-
Notifications
You must be signed in to change notification settings - Fork 4
Architecture
LogHarbour runs on servers and stores a repository of all logs generated by a business application. LogHarbour does not have any UI or human users.
LogHarbour's software is in four parts:
- a client library which links with business application code and implements a Kafka producer. This library is used by application code to write log entries into logs. Other functions in the library also implement a query interface to extract logs from the LogHarbour database.
- a service, which implements a Kafka consumer, reads log entries from the Kafka stream, and writes them to an ElasticSearch database. This service is referred to as the "LogHarbour writer daemon"
- an ElasticSearch cluster hosting one or more indexes (databases)
- some administrative utilities, which are command-line programs run on demand
Multiple business applications running on multiple servers can all pump log entries into their respective LogHarbour repositories, but these repositories may be hosted on a common cluster of servers and managed with a single writer daemon.
The database runs on a cluster of three or more servers, and organises data in multiple indexes. An index is dedicated for each realm. (For details about realms see the page on access controls.)
Every time a new realm is created
- a new ElasticSearch index is created,
- replication is set up for this index across the cluster of servers so that at least three copies are stored of each record.
- Two roles are created on the index, one for full read-write access to the index and one for read-only access.
- The read-write role's access credentials are appended to the realm ID and other data to create a string, this string is encrypted with a shared key known only to ElasticSearch (this shared key is referred to as the token encryption key), and the final encrypted string is base64-encoded. The final output is called the write token for the realm.
- The read-only role's access credentials are appended to the realm ID, index URI and other data to create a string, and it is base64-encoded. This final base64-encoded output is called the query token for the realm.
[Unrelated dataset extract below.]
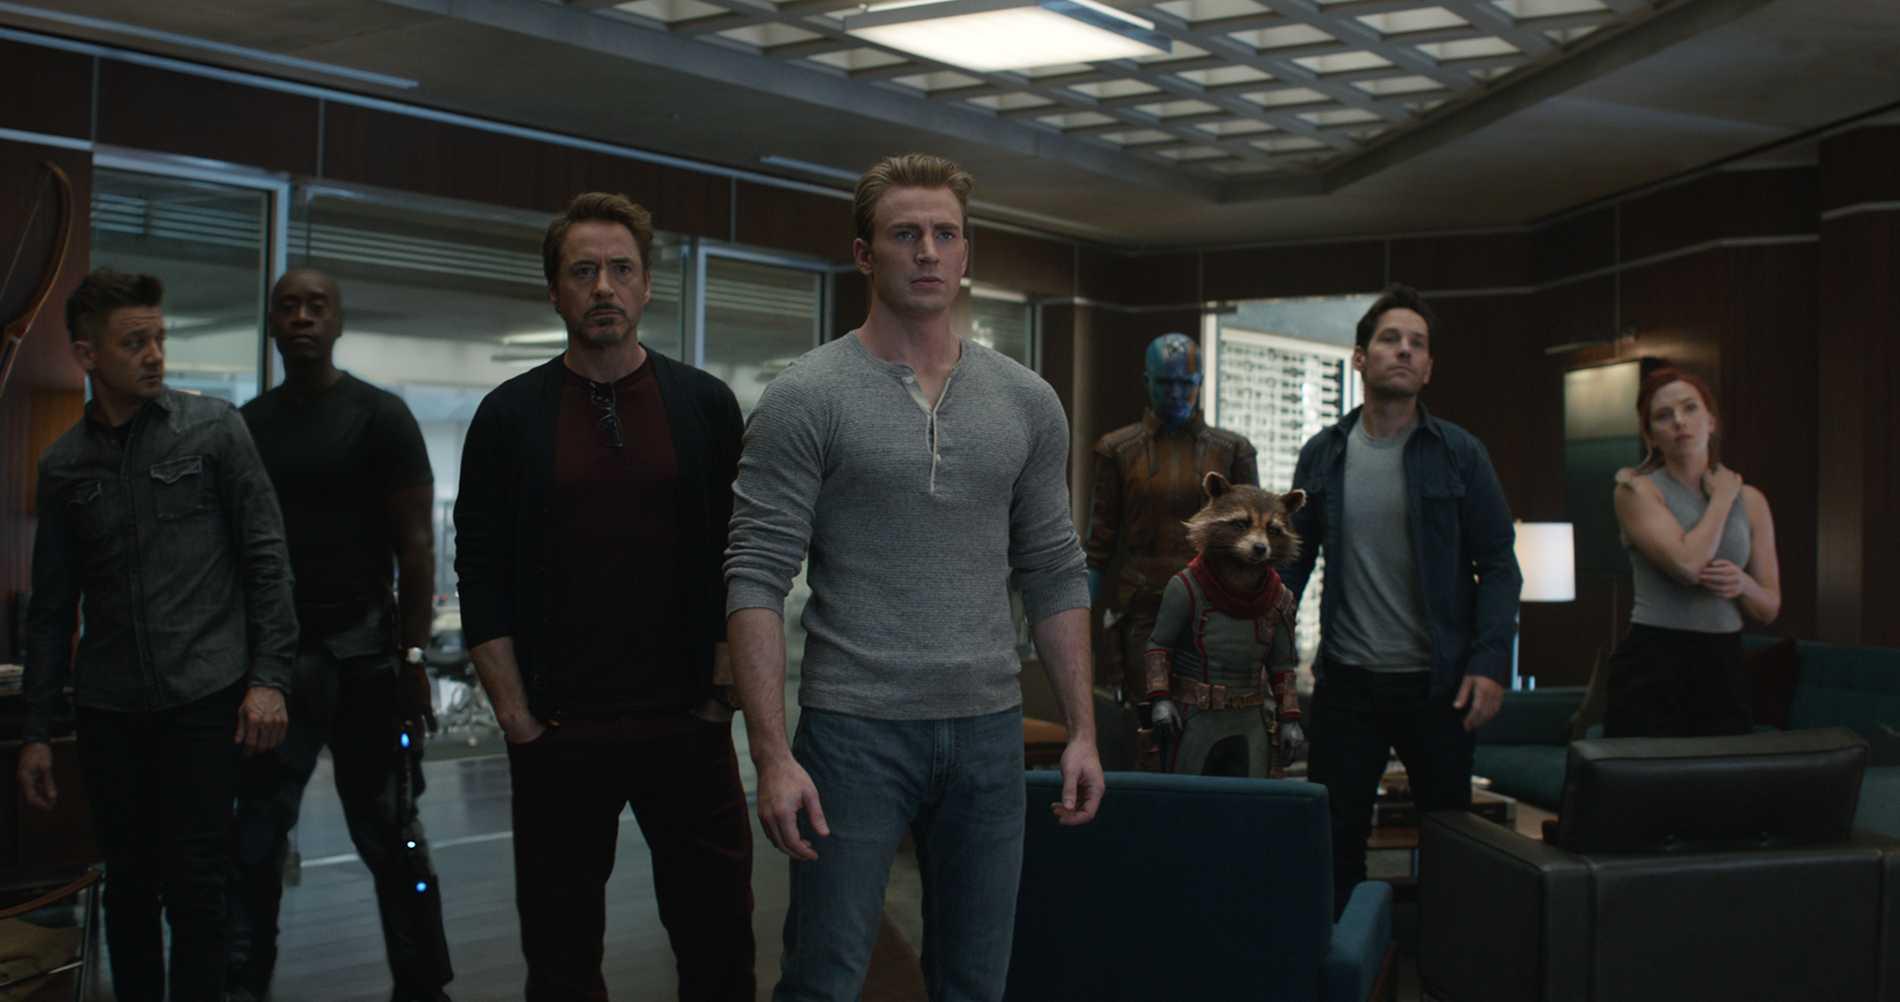 Jeremy Renner, Don Cheadle, Robert Downey jr, Chris Evans, Karen Gillan, Rocket, Paul Rudd och Scarlett Johansson.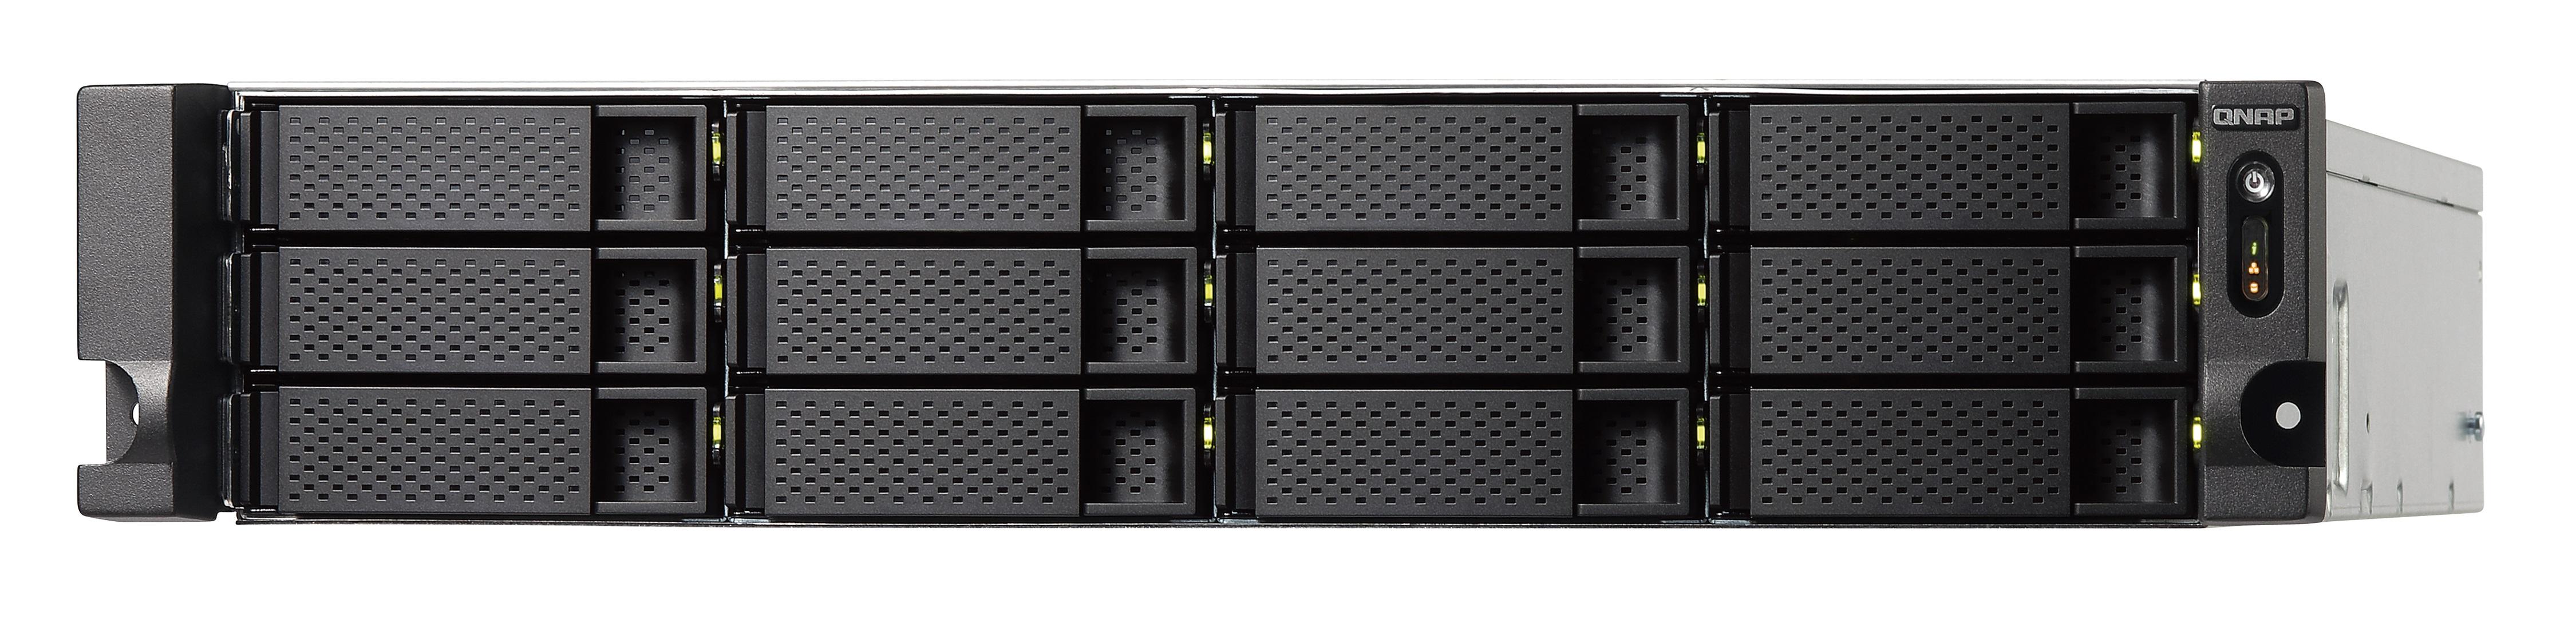 QNAP TS-1231XU-RP (1,7GHz/4GB/12xSATA/10GbE SFP+)

- The realm-creation tools write the write token and query token for the realm to an output file, so that they may be shared with the business application which intends to use this new realm in LogHarbour.
- The two tokens, plus data about the index and servers, are all written to a special internal ElasticSearch index which holds only internal meta-data for LogHarbour's internal use. (For details of this data, see Master data for authorisation.)
At this point, the LogHarbour index for the new realm is ready for use.
This library has functions which (a) queue log entries for eventual insertion into the ElasticSearch index, and (b) query the index to extract logs for display or analysis.
All functions which queue log entries for insertion require the write token for the realm, and all functions which query the log repository require the query token.
When a client library function needs to queue a message for eventual insertion, it writes a record in the local Kafka stream where the first field is the write token.
When a function needs to query the repository, it base64-decodes the query token and parses the resultant string. From the parsed data, it extracts
- the URI needed to connect to one of the servers which host the index which belongs to it
- the identity of the index which belongs to its realm
- the access credentials for read-only access to the index
Using this information, it connects to the index, fires the query and pulls out the result needed.
This runs on one server (or two servers for redundancy) and reads messages coming in on the Kafka stream. For each message, it first separates out the write token, base64-decodes it, decrypts it, and then extracts from it various details like:
- the URI of the ElasticSearch index for this message's realm
- the index name and path
- the user credentials needed to insert records into this index
Using this information, it logs the record into ElasticSearch.
These tools perform three tasks:
- when a new realm is created, it creates a new ElasticSearch index, sets up replication for it across the cluster, creates two access roles in that index, one for writing and one for querying, creates tokens out of these two as described earlier, and writes all this information into a special private ElasticSearch index used only for LogHarbour metadata.
- when an additional write token or query token is required for a realm, it generates a new role in the ElasticSearch index for this realm, generates a token out of these credentials, adds the token to the set of tokens against the metadata of this realm in LogHarbour, and writes out the new token to a file so that it may then be shared with the business application.
- when a token needs to be deactivated, it removes the credentials from the ElasticSearch index so that those credentials cease to work any more, and then it removes the token from the LogHarbour metadata for the realm.